“Every weekend, Shri would set off at 7am to walk with his 15-20kg backpack. He’d come back home only at 4pm. His usual haunts included McRitchie reservoir, Coast to Coast trail from Jurong to Coney, Treetop walk, Rail Corridor, Bukit Timah hill, amongst many others.” This is the loving tribute of noted singer Sushma Soma, posted yesterday, in memory of her husband Shrinivas Sainis Dattatraya, the Indian-origin mountaineer from Singapore who went missing and then was presumed dead — body never found — somewhere in the “death zone” of Mt Everest.
The search for Shrinivas Sainis Dattatraya, who summited Mt Everest but could not make his way down on May 19, has been arguably the most high-profile incident in the 2023 spring climbing season of the Himalayas.
He ‘fell’ somewhere around 8,000 metres; it was never clear how he could possibly fall down the mountainside when clipped to a fixed rope. The ground search went on for days, but the family was finally forced to accept that he was gone forever. Sushma then wrote a long message of thanks on Instagram — a closure note — to everyone involved, especially the Sherpas. This was about two weeks ago.
In her post yesterday, Sushma recalled her late husband’s spirit of adventure, how Shrinivas went exploring for hours even in the tiny island nation of Singapore.
The man who climbed Mt Everest, the dream of every mountaineer, besides scaling Denali (in the United States of America), Manaslu (in Nepal), and Pik Lenin (in Tajikistan), also playfully ‘conquered’ Bukit Timah in Singapore.
Sushma wrote: “The tallest point in Singapore on Bukit Timah hill is just a tiny speck next to where he stood, but it’s pregnant with all his memories for me.”
The Singapore explorations of Shrinivas made Sushma look at Singapore in a new light: “Through him, I realised [that] Singapore was more than just a glitzy concrete jungle. He opened my eyes to her rainforests and waterways that were hidden from plain sight.”
While Shrinivas can never again accompany Sushma, she went on an exploratory Singapore trip to remember those times with him: “This week, I revisited some of the trails that have had many weekly trysts with him — Treetop walk, Rail Corridor and Bukit Timah hill — and some of our favourite people joined me.”

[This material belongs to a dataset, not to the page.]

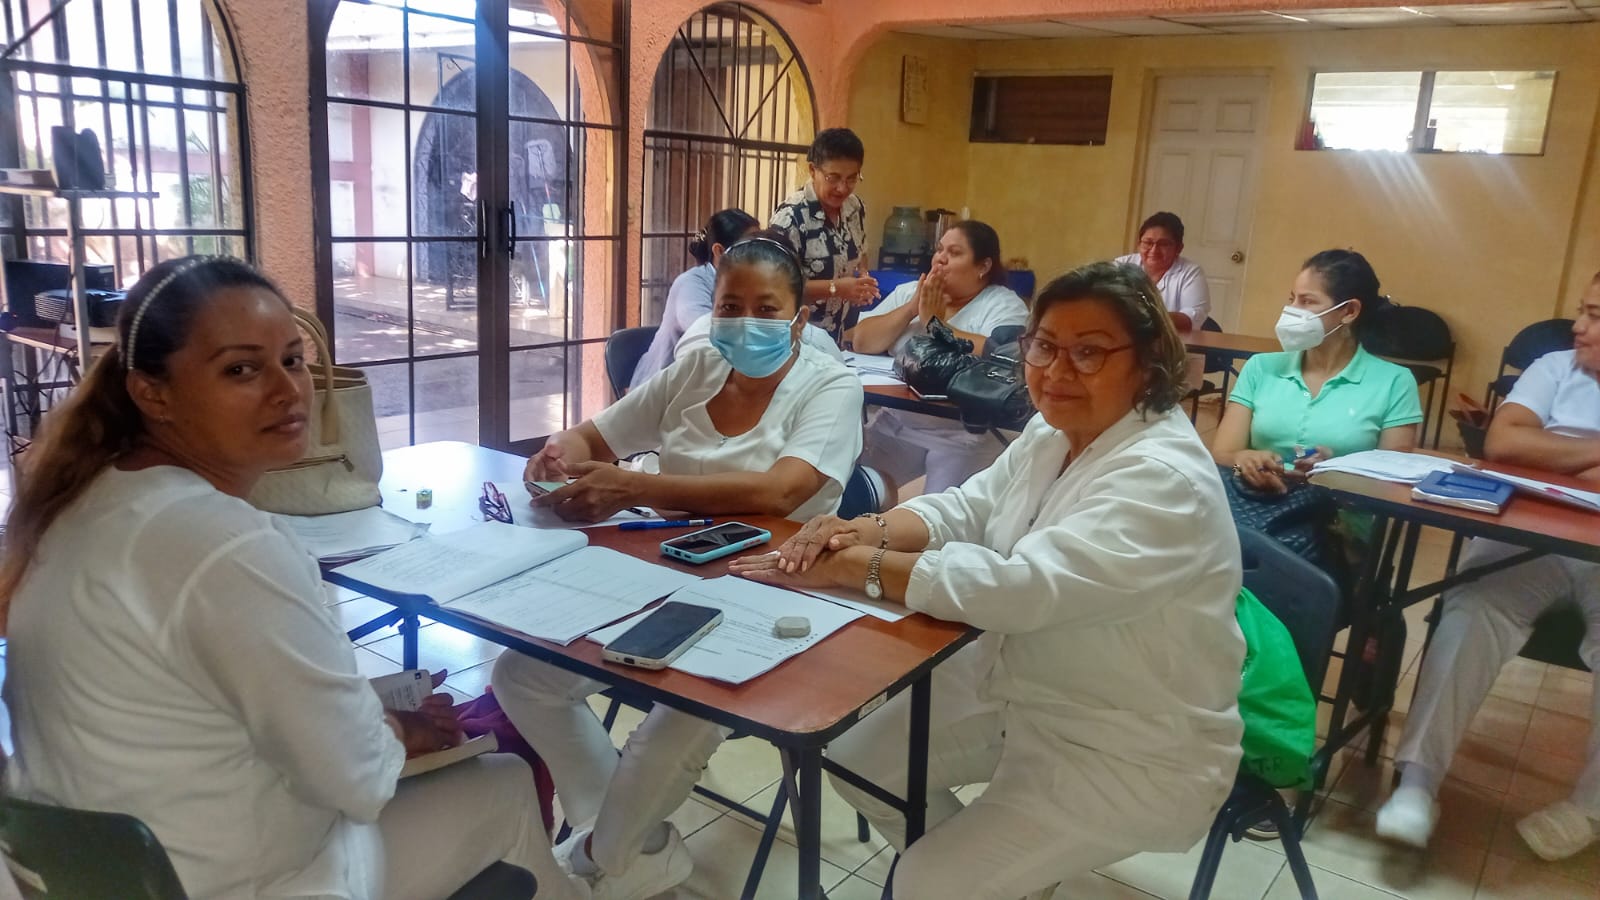 La Federación Panamericana de Profesionales de Enfermería FEPPEN felicita a la Asociación de Enfermeras Nicaragüenses por los procesos de Capacitación

Her Instagram post cited an amusing conversation with her husband, an executive director at real estate firm Jones Lang LaSalle in Singapore, when she was working on a musical production, titled HOME, to be staged at the SIFAS Festival of Arts 2023, at Esplanade – Theatres on the Bay in Singapore. At that time, Shrinivas was preparing to climb Mt Everest. She wrote: “When I was working to stage HOME in Singapore in April, Shri said I was climbing the Olympus Mons while he was climbing Mount Everest. I asked him ignorantly, ‘Wait what, why wouldn’t you say I’m also climbing my own Everest??’ With his inimitable calm smirk, he told me to Google ‘Olympus Mons’. I did, only to find out that it is the highest mountain and volcano in the Solar System and is 3 times the height of Mount Everest. Ah, he had his way of celebrating (and annoying) me. Indirectly. Wholly. All [the] while educating me on a random fact.”
Yesterday’s social media tribute came about three weeks after Shrinivas summited Mt Everest and then went missing. Sushma emphasised that despite her grief over his death, she had not forgotten his mountaineering feat.
She wrote: “In all that’s happened over the last 3 weeks, I had not paused to celebrate the fact that Shri was on the peak of Mount Everest! I mean, what an incredible feat he achieved! What a CHAMPION.” She ended the post by saying: “Shri, this one’s for you. There will never be another You (sic).”